Abstract
Background: Stroke patients experience functional changes resulting from muscle atrophy related to disuse, lack or limited neuronal stimulation, and undernutrition. Acute ischemic stroke is assumed to induce muscle atrophy. However, there is little information regarding muscle changes after acute stroke.
Objective: The purpose of this study was to examine the effect of inactivity and undernutrition after acute stroke on mass, myofibrillar protein content, and Types I and II fiber cross-sectional areas of rat hindlimb muscles.
Methods: Adult male Sprague-Dawley rats (body weight, 240-270 g) were randomly assigned to one of three groups: a stroke group (n = 7) that had occlusion of the right middle cerebral artery, a control group (n = 7) that underwent a sham right middle cerebral artery procedure, and an undernourished group (n = 9) that was pair-fed to match the intake of stroke rats. Food and water intake as well as body weight were measured daily. The rats were anesthetized 7 days after occlusion or sham occlusion, after which the soleus (Type I), plantaris (Type II), and gastrocnemius (Type II) muscles were dissected from both the affected and unaffected sides. The brain was sectioned to identify cerebral infarction in the stroke group. Body weight, food intake, muscle weight, fiber type distribution, cross-sectional area, and myofibrillar protein content of the dissected muscles were determined.

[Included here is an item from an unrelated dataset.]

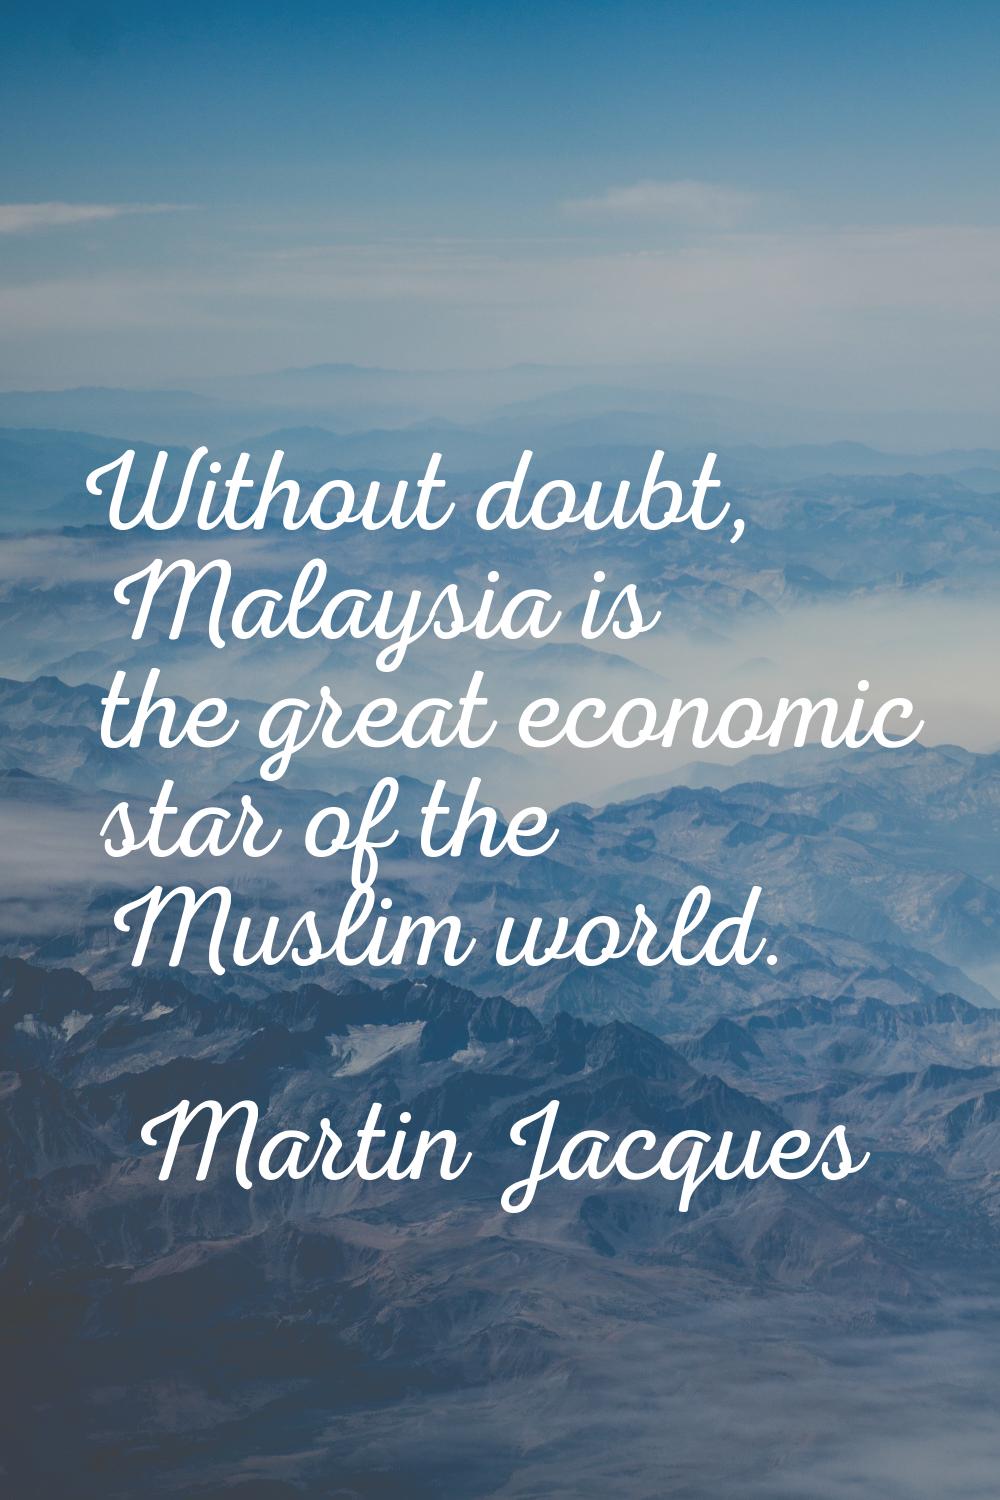 Without doubt, Malaysia is the great economic star of the Muslim world.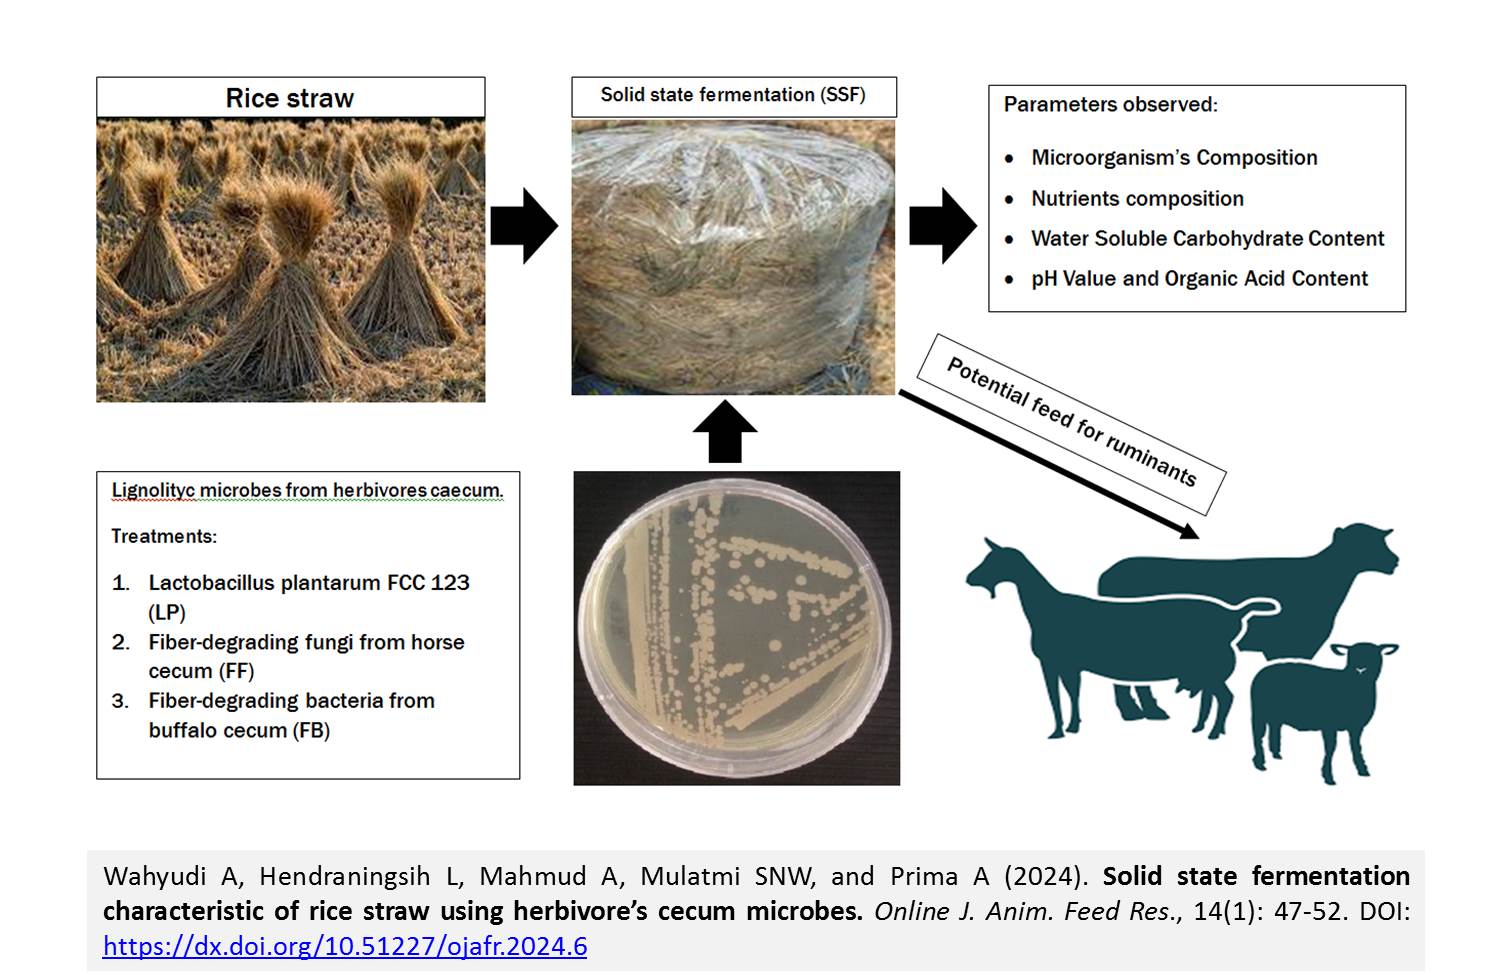 262-Solid_state_fermentation_characteristic_of_rice_straw_using_herbivores_cecum_microbes

Results: The stroke group at 7 days after ischemic stroke showed significant decreases (p < .05), as compared with the control rats, in diet intake and body weight, muscle weight of affected gastrocnemius, Type I fiber cross-sectional area of the affected soleus muscle, Types I and II fiber cross-sectional areas and Type II fiber distribution of the unaffected soleus muscle, and myofibrillar protein content of both the affected and unaffected soleus muscles. As compared with the control group, the undernourished group showed significant decreases (p < .05) in diet intake and body weight, Type I fiber cross-sectional area of the affected soleus muscle, Types I and II fiber cross-sectional areas and Type II fiber distribution of the unaffected soleus muscle, Type I fiber distribution of the affected gastrocnemius muscle, and myofibrillar protein content of both the affected and unaffected soleus muscles. As compared with the undernourished group, the stroke group showed significant decreases (p < .05) in muscle weight and Type II fiber distribution of the affected gastrocnemius muscle. There were no differences in muscle characteristics between the affected and unaffected hindlimb muscles at 7 days after ischemic stroke.
Conclusions: Hindlimb muscle atrophy occurs in both affected and unaffected sides after acute stroke, with Type I muscle changes more apparent than Type II changes.